Coffee County is a county located in the central part of the state of Tennessee, in the United States. As of the 2020 census, the county's population was 57,889.  Its county seat is Manchester. Coffee County is part of the Tullahoma-Manchester, TN Micropolitan Statistical Area. It is also part of Middle Tennessee, one of the three Grand Divisions of the state.

History
Coffee County was formed in 1836 from parts of Bedford, Warren, and Franklin counties. It was named for John Coffee, a prominent planter, land speculator, and militia officer. Similar to other counties in this area of the state, planters here cultivated mostly tobacco and hemp, produced by the labor of Black slaves.

In the period after the Reconstruction era ended (1877) and into the early 20th century, whites in Coffee County committed eight lynchings of Blacks. This was the fifth-highest total of any county in the state, but three other counties also had eight lynchings each.

Century Farms
Coffee County has twelve Century Farms, the classification for farms that have been operating for more than 100 years. The oldest Century Farm is Shamrock Acres, founded in 1818. Other Century Farms include:

 Beckman Farm
 Brown Dairy Farm
 Carden Ranch
 Crouch-Ramsey Farm
 Freeze Farm
 The Homestead Farm
 Jacobs Farm
 Long Farm
 Shamrock Acres
 Sunrise View Farm
 Thomas Farm, site of the Farrar Distillery

Geography

According to the U.S. Census Bureau, the county has a total area of , of which  is land and  (1.3%) is water.

Adjacent counties
Cannon County (north)
Warren County (northeast)
Grundy County (east)
Franklin County (south)
Moore County (southwest)
Bedford County (west)
Rutherford County (northwest)

Major highways
Interstate 24
U.S. Route 41
U.S. Route 41A

State protected areas
Arnold Engineering Development Complex Wildlife Management Area (jointly managed by TWRA and USAF)
Bark Camp Barrens Wildlife Management Area
Hickory Flats Wildlife Management Area
Maple Hill Wildlife Management Area
May Prairie State Natural Area
Normandy Wildlife Management Area (part)
Old Stone Fort State Archaeological Park
Short Springs State Natural Area

Demographics

2020 census

As of the 2020 United States census, there were 57,889 people, 21,646 households, and 14,777 families residing in the county.

2000 census
As of the census of 2000, there were 48,014 people, 18,885 households, and 13,597 families residing in the county.  The population density was 112 people per square mile (43/km2).  There were 20,746 housing units at an average density of 48 per square mile (19/km2).  The racial makeup of the county was 93.43% White, 3.59% Black or African American, 0.30% Native American, 0.74% Asian, 0.03% Pacific Islander, 0.91% from other races, and 1.00% from two or more races.  2.19% of the population were Hispanic or Latino of any race.

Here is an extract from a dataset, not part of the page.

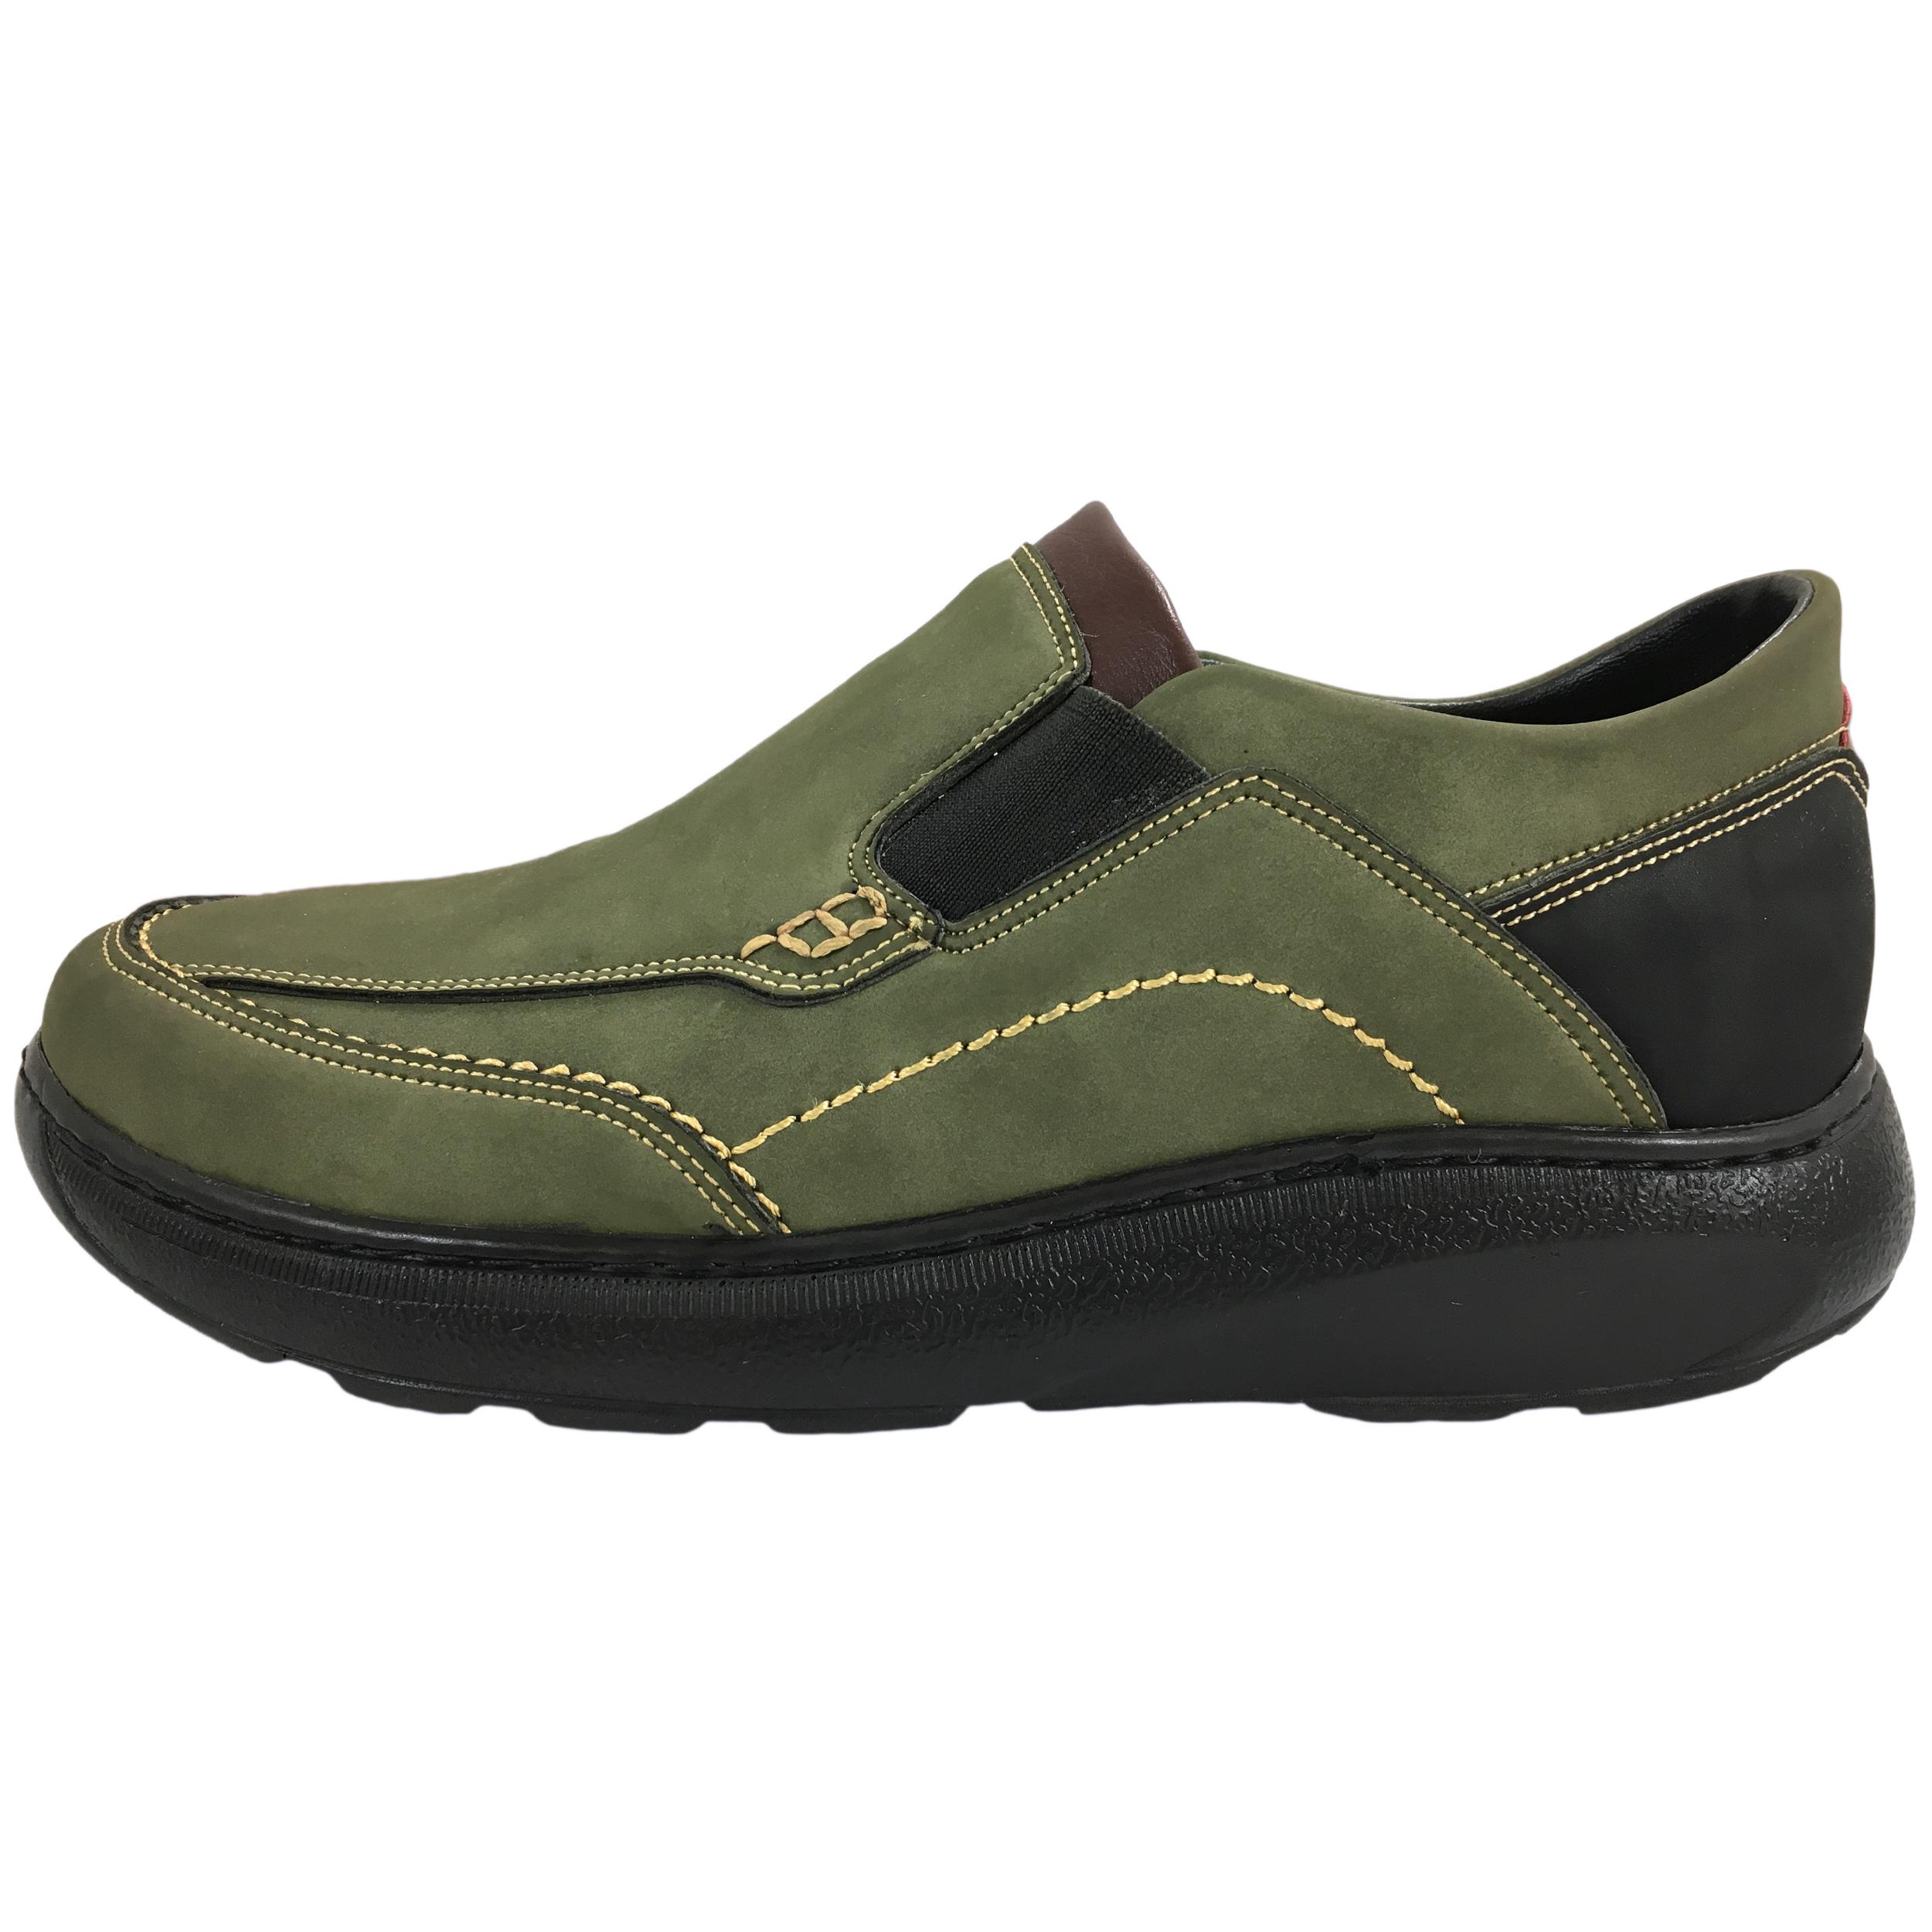 قیمت کفش مردانه مدل سیلور کد A181

There were 18,885 households, out of which 32.40% had children under the age of 18 living with them, 56.90% were married couples living together, 11.10% had a female householder with no husband present, and 28.00% were non-families. 24.30% of all households were made up of individuals, and 10.30% had someone living alone who was 65 years of age or older.  The average household size was 2.50 and the average family size was 2.96.

In the county, the population was spread out, with 25.10% under the age of 18, 8.30% from 18 to 24, 28.40% from 25 to 44, 23.60% from 45 to 64, and 14.60% who were 65 years of age or older.  The median age was 38 years. For every 100 females, there were 95.10 males.  For every 100 females age 18 and over, there were 92.30 males.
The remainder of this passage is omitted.